Короткостриженый надел белую бескозырку, и оба матроса направились к двери.

– Двадцать пять баксов! – донеслось до Ноя, перед тем как за матросами с грохотом захлопнулась дверь.

Ной выждал с минуту, по-дружески похлопал пьяницу по плечу и последовал за ними. Постоял на улице, вдохнул влажный воздух, почувствовал, как он холодит его разгоряченное лицо. В качающемся свете уличного фонаря разглядел две фигуры в синем, растворяющиеся в тумане. Повернулся и зашагал в противоположную сторону. Выпитое виски приятным теплом разлилось по всему телу.

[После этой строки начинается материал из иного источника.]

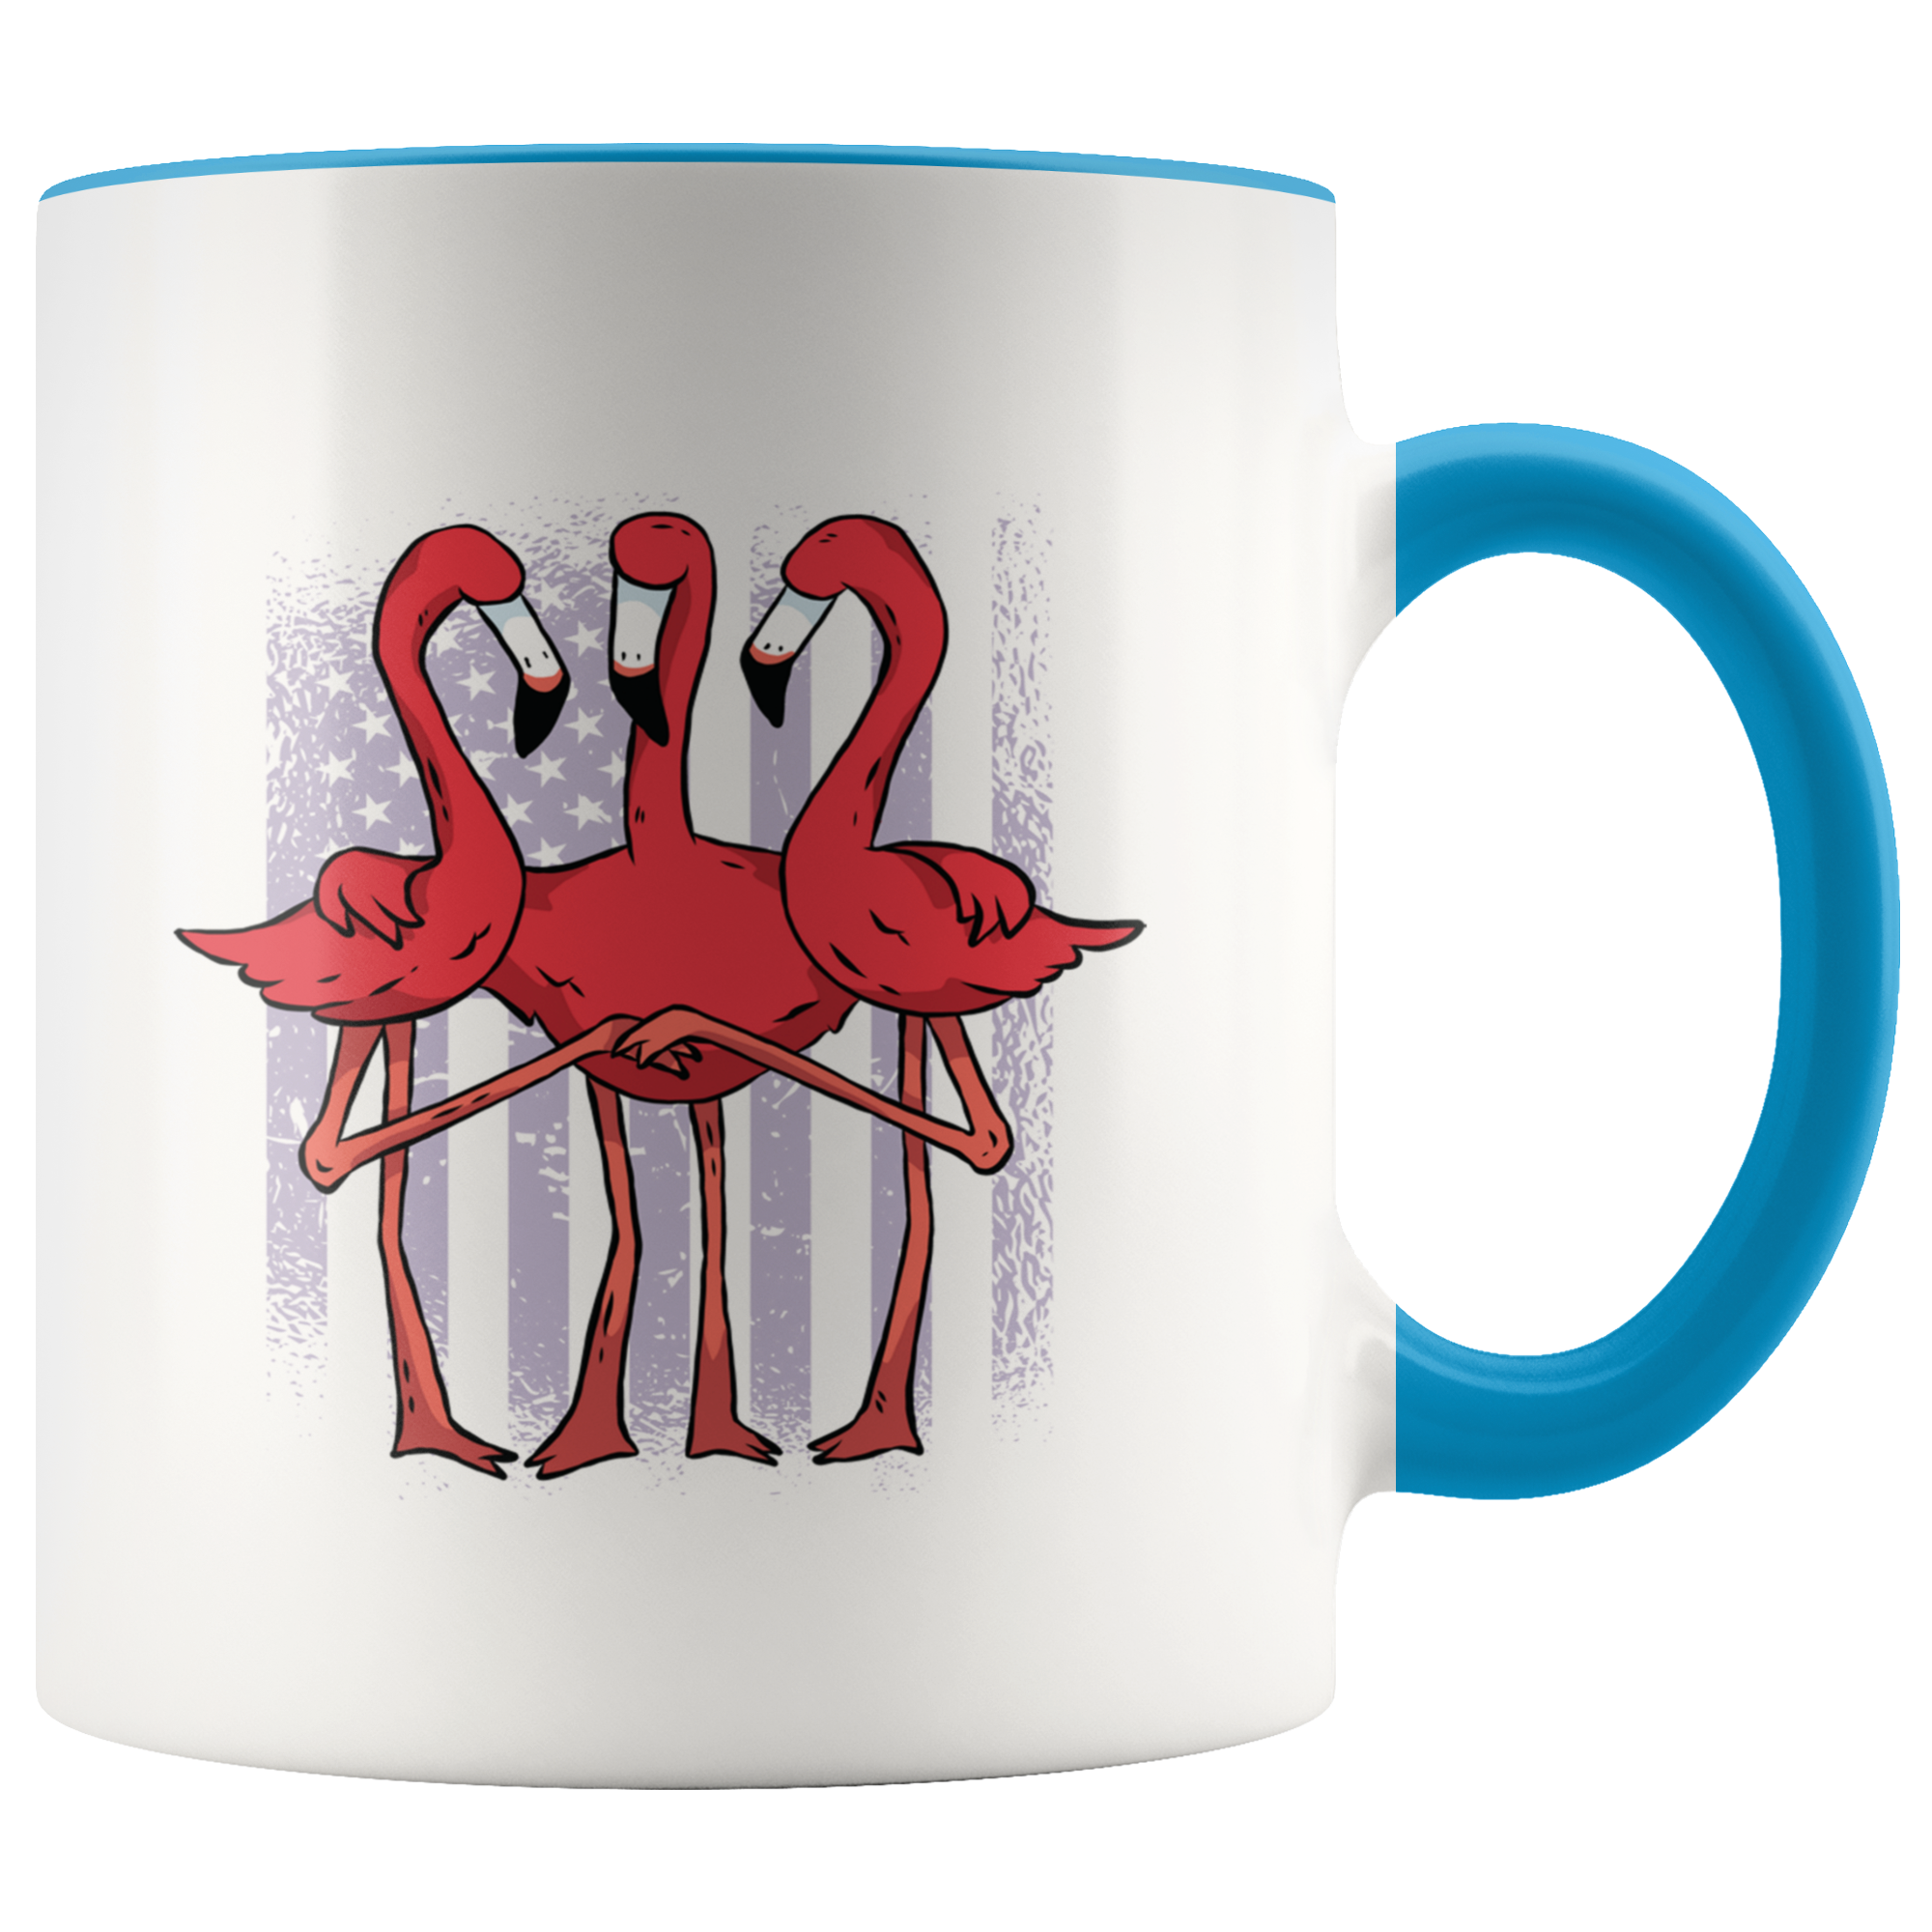 Three Flamingo Mug
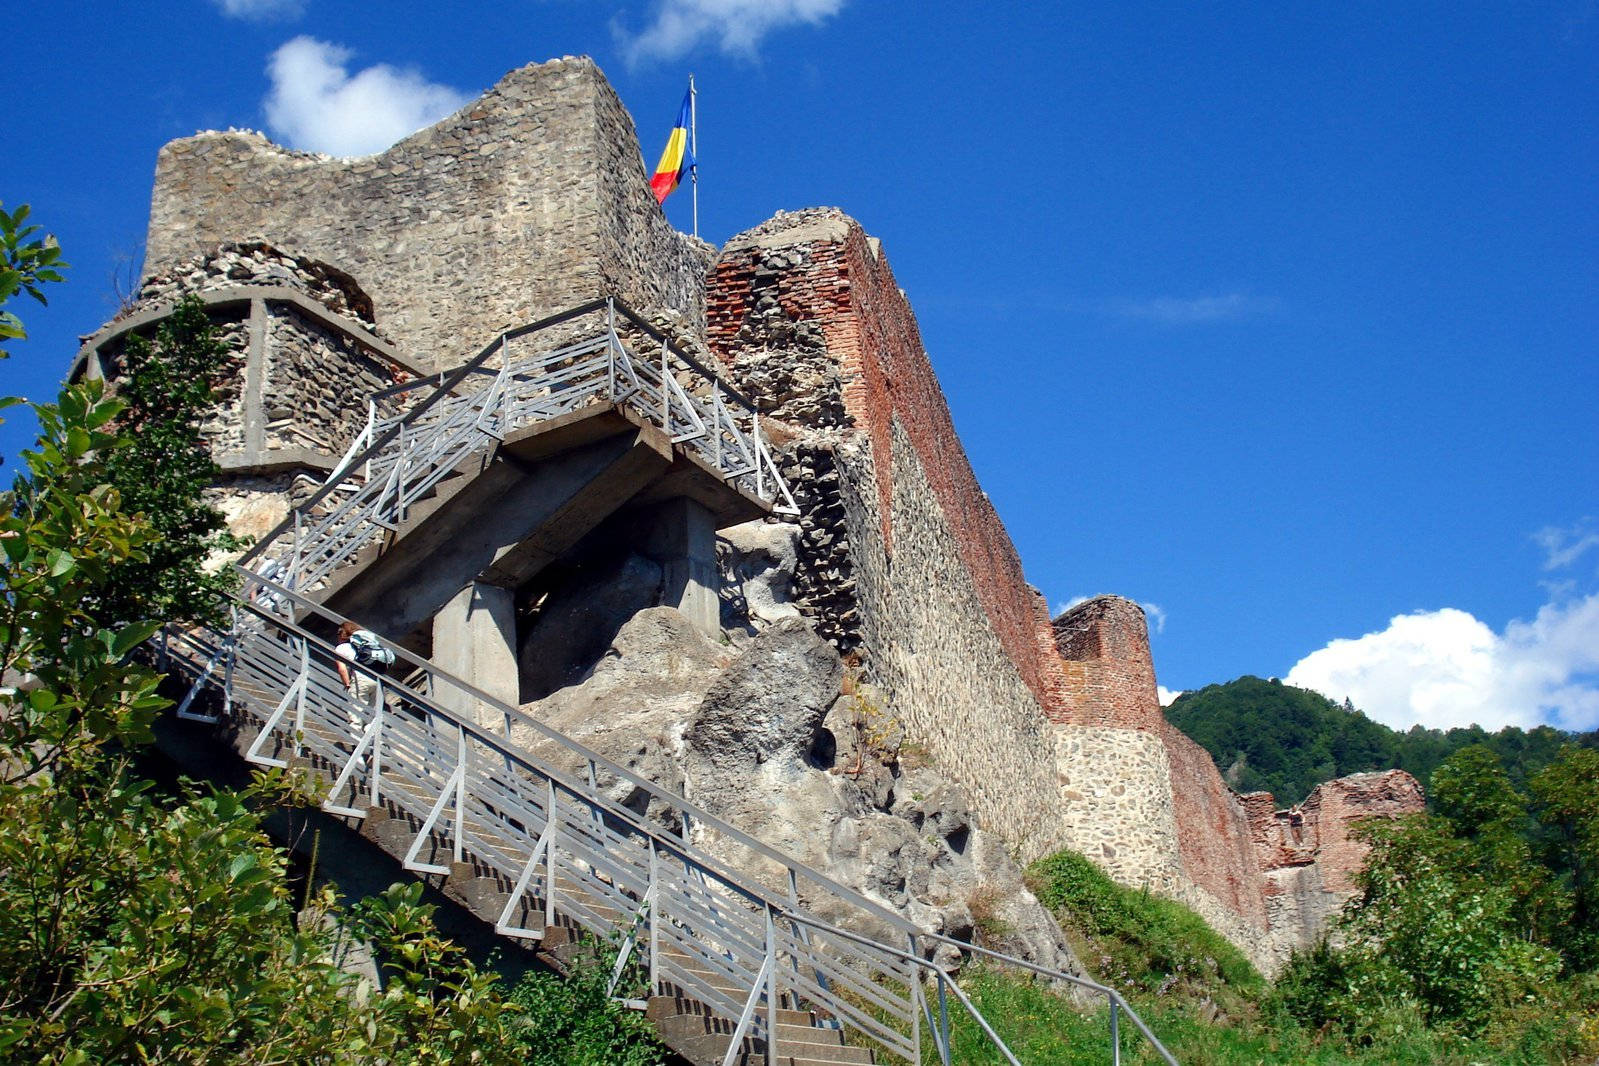 Caption: Historic Poenari Castle, Romania

Ной осторожно открыл дверь и тихонько вошел в темную комнату. Запах никуда не делся. А он уже успел забыть этот запах. Алкоголь, лекарства, что-то сладкое, приторное… Надо зажечь свет, подумал Ной и почувствовал, что руки у него дрожат. Он наткнулся на стул, прежде чем нашел лампу.

Его отец, закаменев, лежал на кровати. Рот так и остался открытым, словно он собрался что-то сказать. Ноя качнуло, когда он наклонился над отцом. Глупый, несносный старик с идиотской бородкой, обесцвеченными волосами и Библией в кожаном переплете.

Поспеши, поспеши, Господи, и прими… Какую религию исповедовал усопший? Голова у Ноя шла кругом. Он ни на чем не мог сосредоточиться, мысли наскакивали друг на друга, несвязные, абсурдные. Полные губы. Двадцать пять долларов для матросов и бесплатно для него. А ведь ему никогда не везло с женщинами, никогда на него так не западали. Возможно, попавший в беду мужчина становится более привлекательным, и блондинка это почувствовала. Разумеется, она сильно напилась… Рональд Бивербрук. А как покачивались ее бедра, когда она шла к женскому туалету. Если бы он остался в баре, то сейчас лежал бы с ней в постели, под теплым одеялом, наслаждаясь мягкой, жирной, белой плотью, запахами лука, джина, малины. На мгновение Ной горько пожалел о том, что стоит сейчас в обшарпанном номере отеля, рядом с умершим стариком… Если б все было наоборот, подумал он, если бы он лежал на кровати, а блондинка подкатилась к старику, то Яков наверняка отправился бы в ее уютную квартирку, распил бы с женщиной бутылку вина и ублажил бы ее по полной программе. В этом Ной нисколько не сомневался. Самое время сейчас думать об этом. Ной покачал головой. Его отец, семя которого дало ему жизнь. Господи, неужели с годами голос у него станет как у отца?

С минуту Ной всматривался в мертвое лицо. Попытался плакать. Уходя так, на исходе года, в зимнюю ночь, человек – любой человек – вправе рассчитывать, что его единственный сын прольет по нему хоть одну слезу.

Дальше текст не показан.